**What you need to do:** Set down all of the data that follows word for word, without the images.

**The records:**
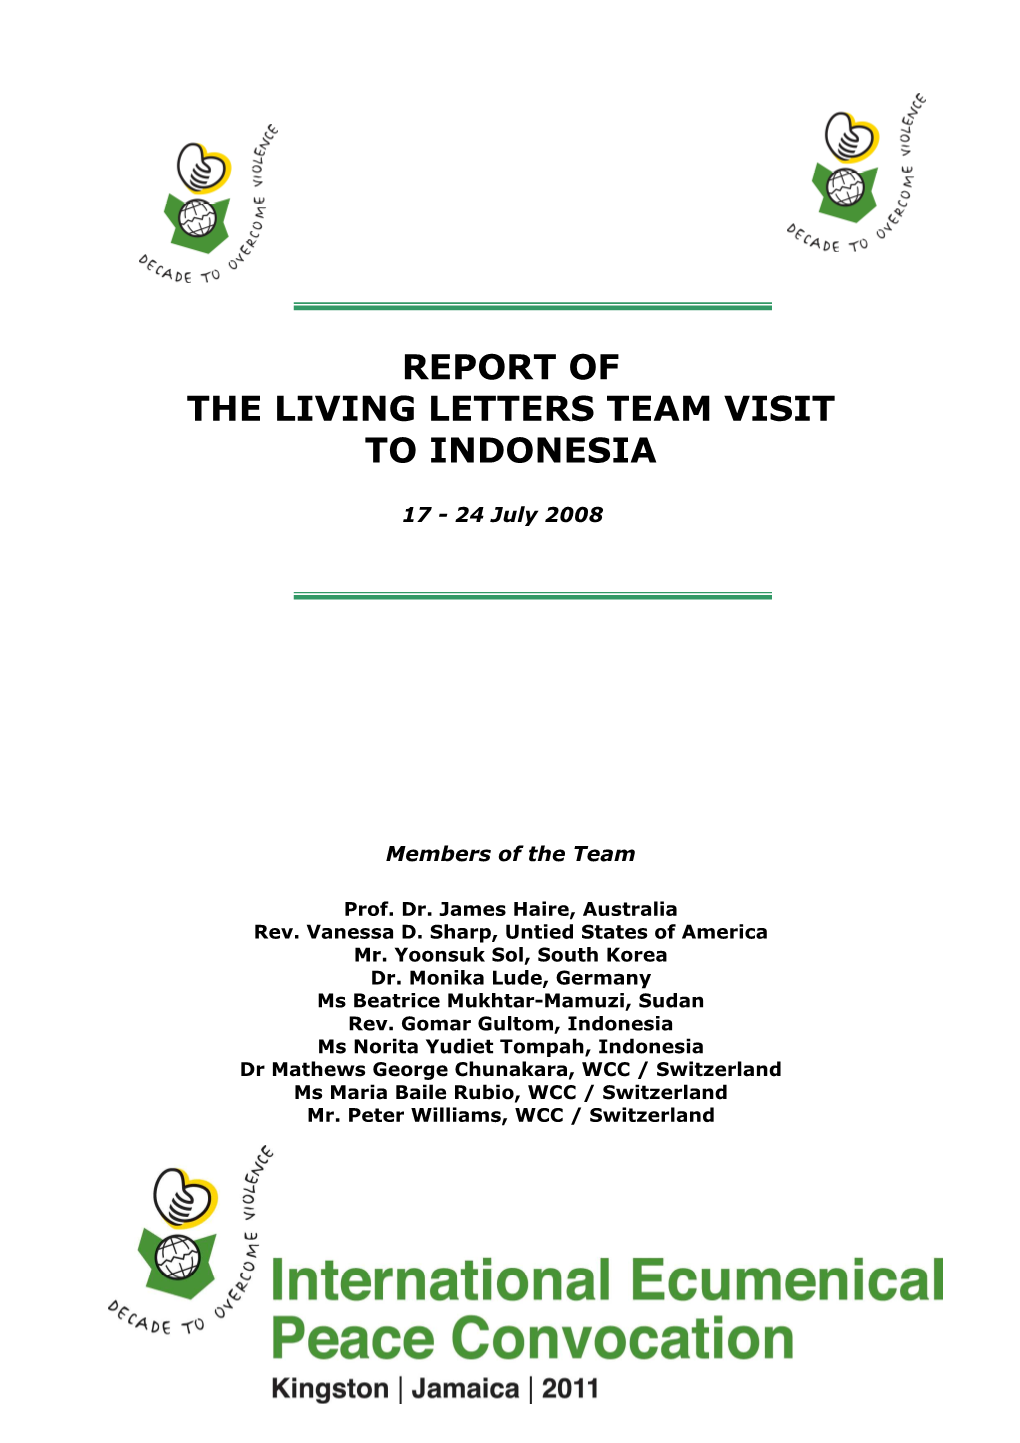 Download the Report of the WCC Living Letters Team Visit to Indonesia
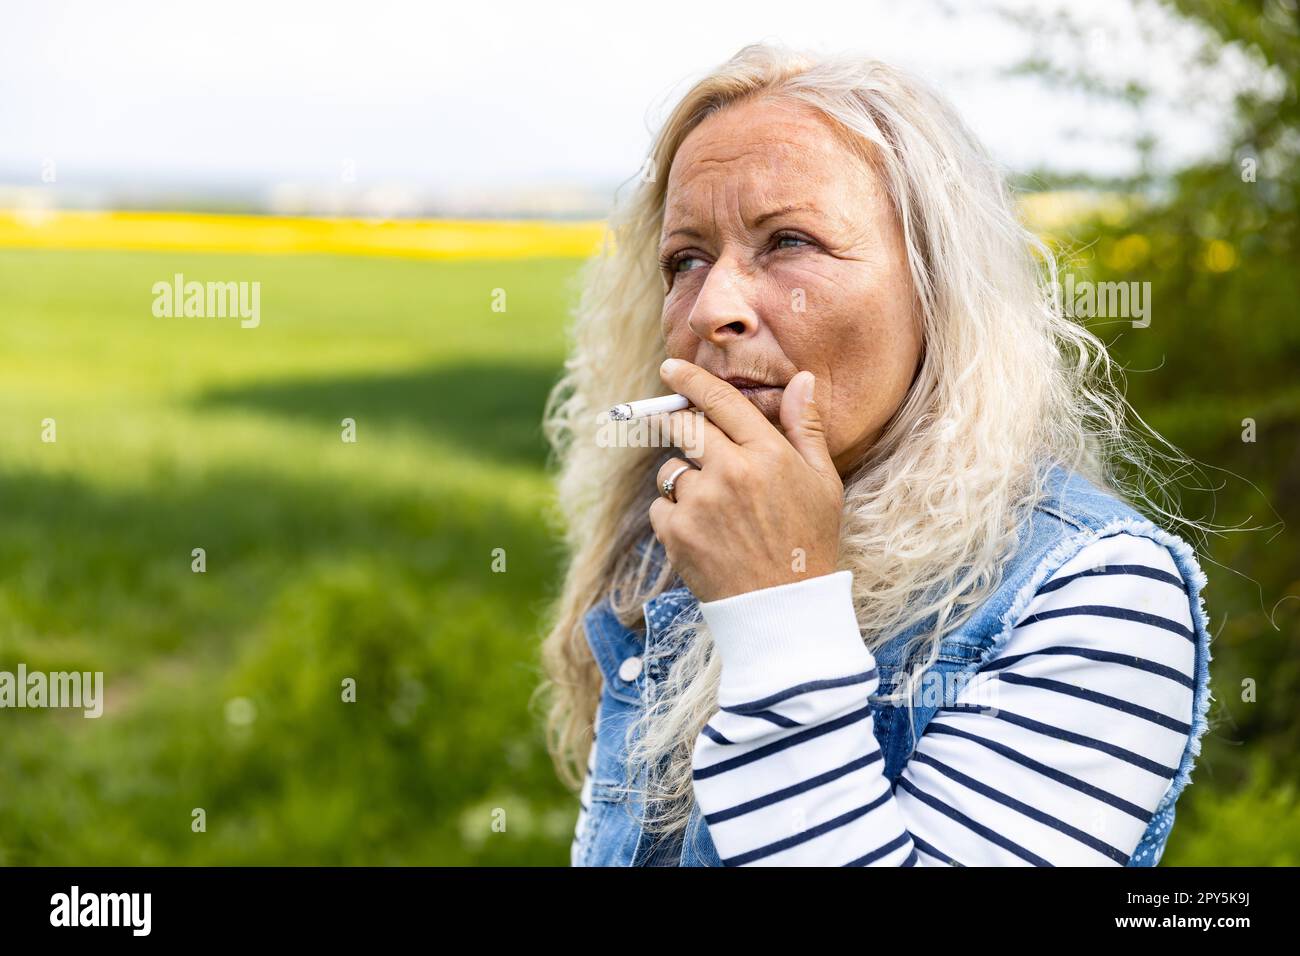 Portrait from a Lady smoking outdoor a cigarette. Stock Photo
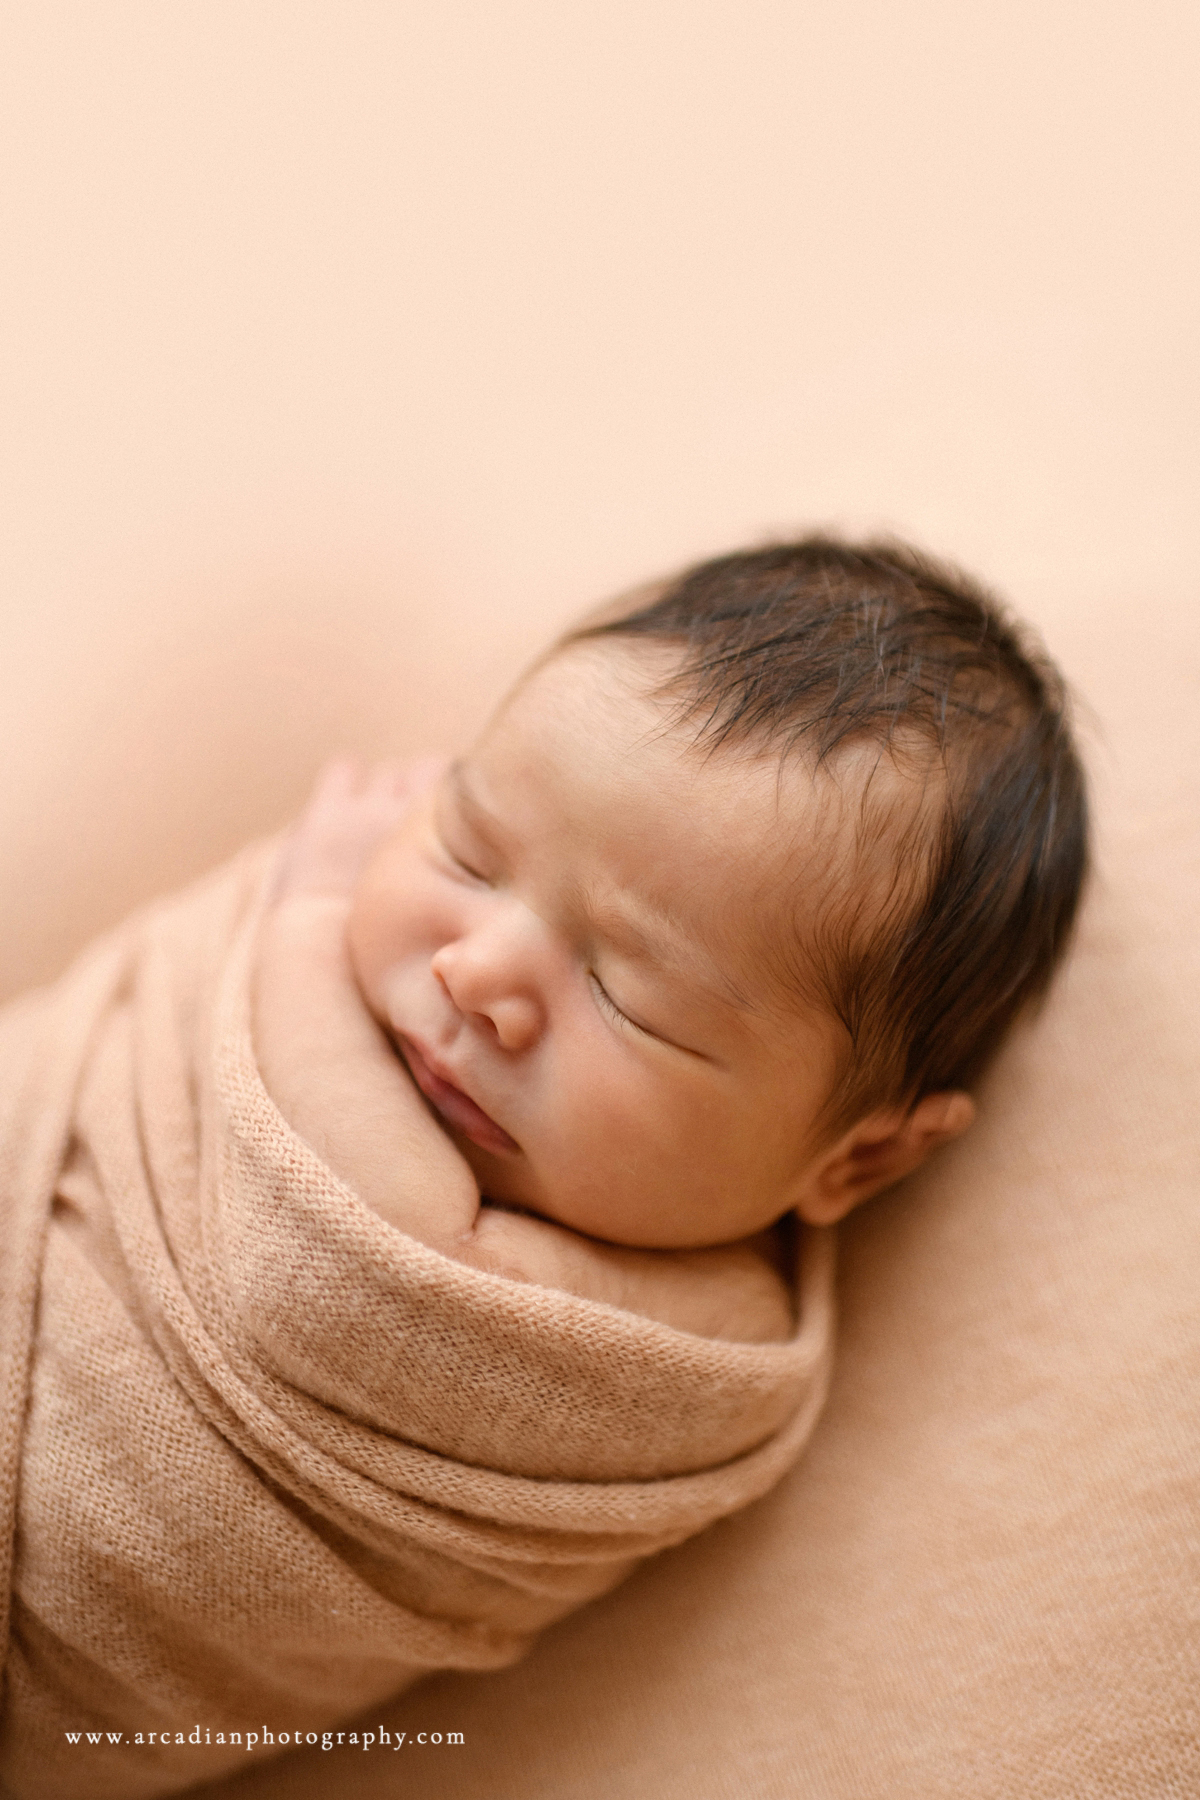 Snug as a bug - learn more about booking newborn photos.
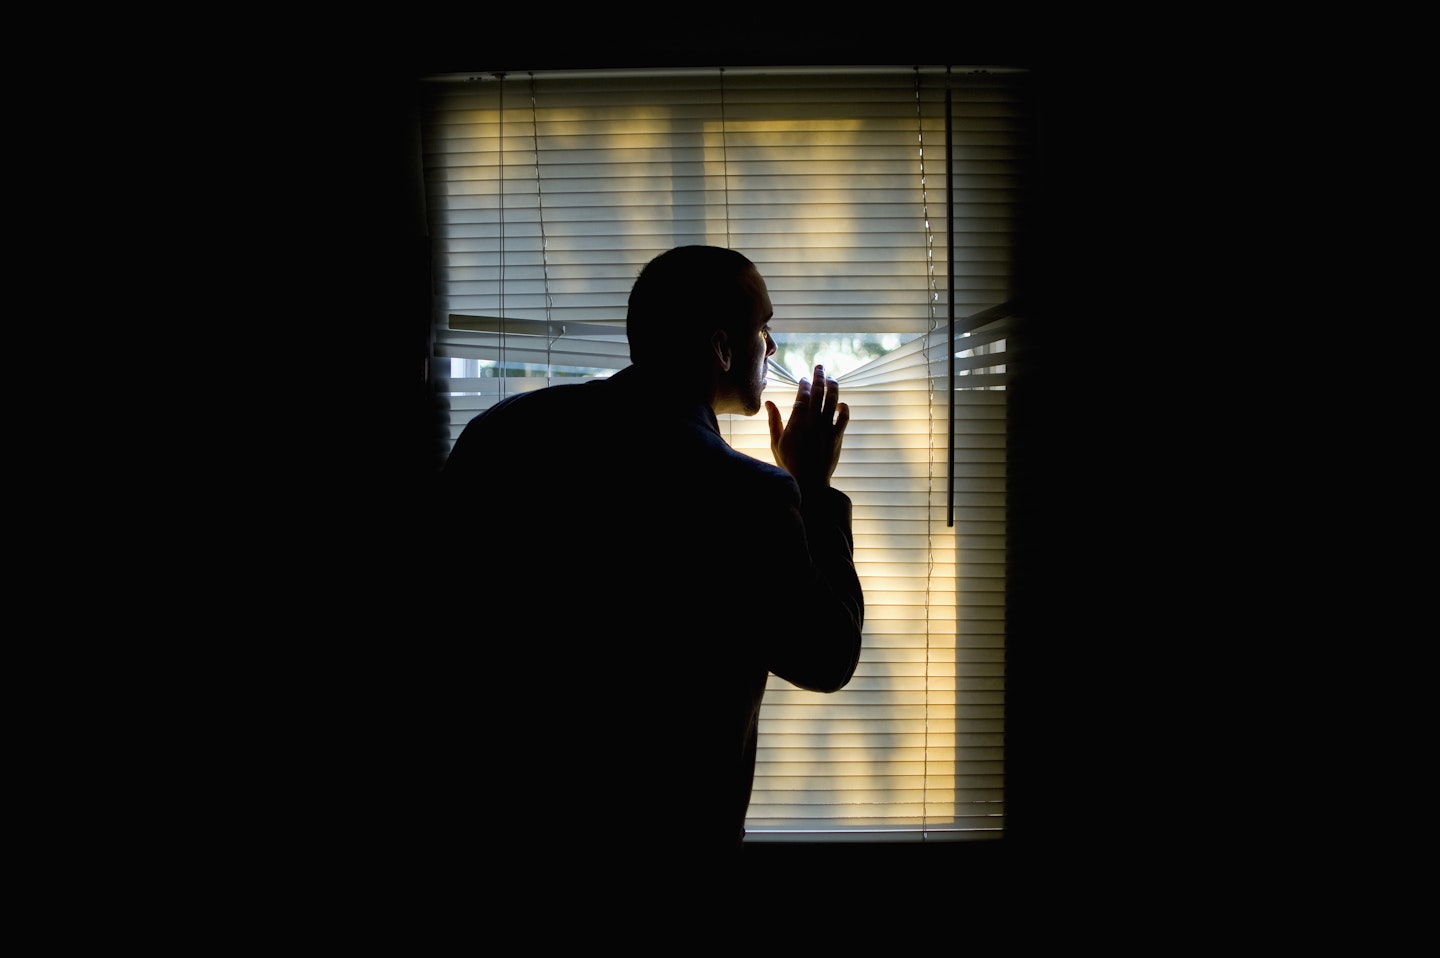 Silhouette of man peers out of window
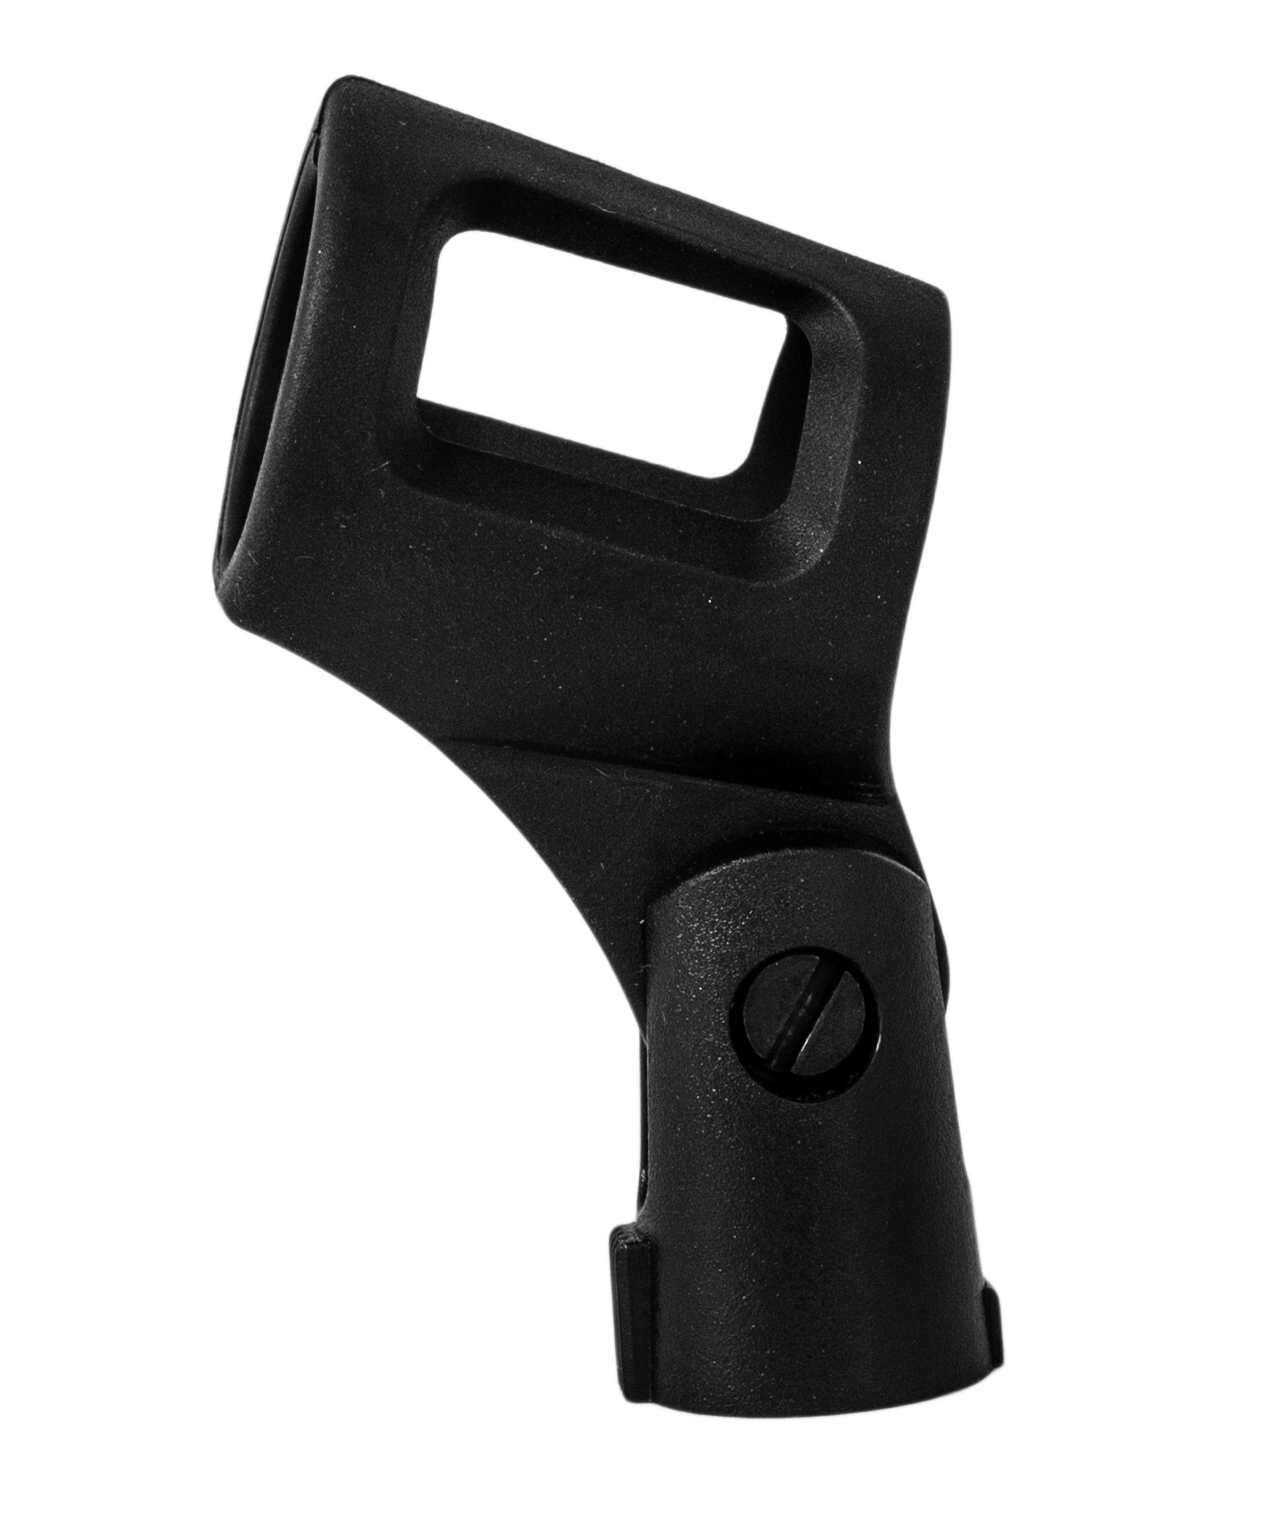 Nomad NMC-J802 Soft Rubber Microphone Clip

**Answer below:**
 Download the Report of the WCC Living Letters Team Visit to Indonesia
 Portrait from a Lady smoking outdoor a cigarette. Stock Photo
 Snug as a bug - learn more about booking newborn photos.
 Silhouette of man peers out of window
 Nomad NMC-J802 Soft Rubber Microphone Clip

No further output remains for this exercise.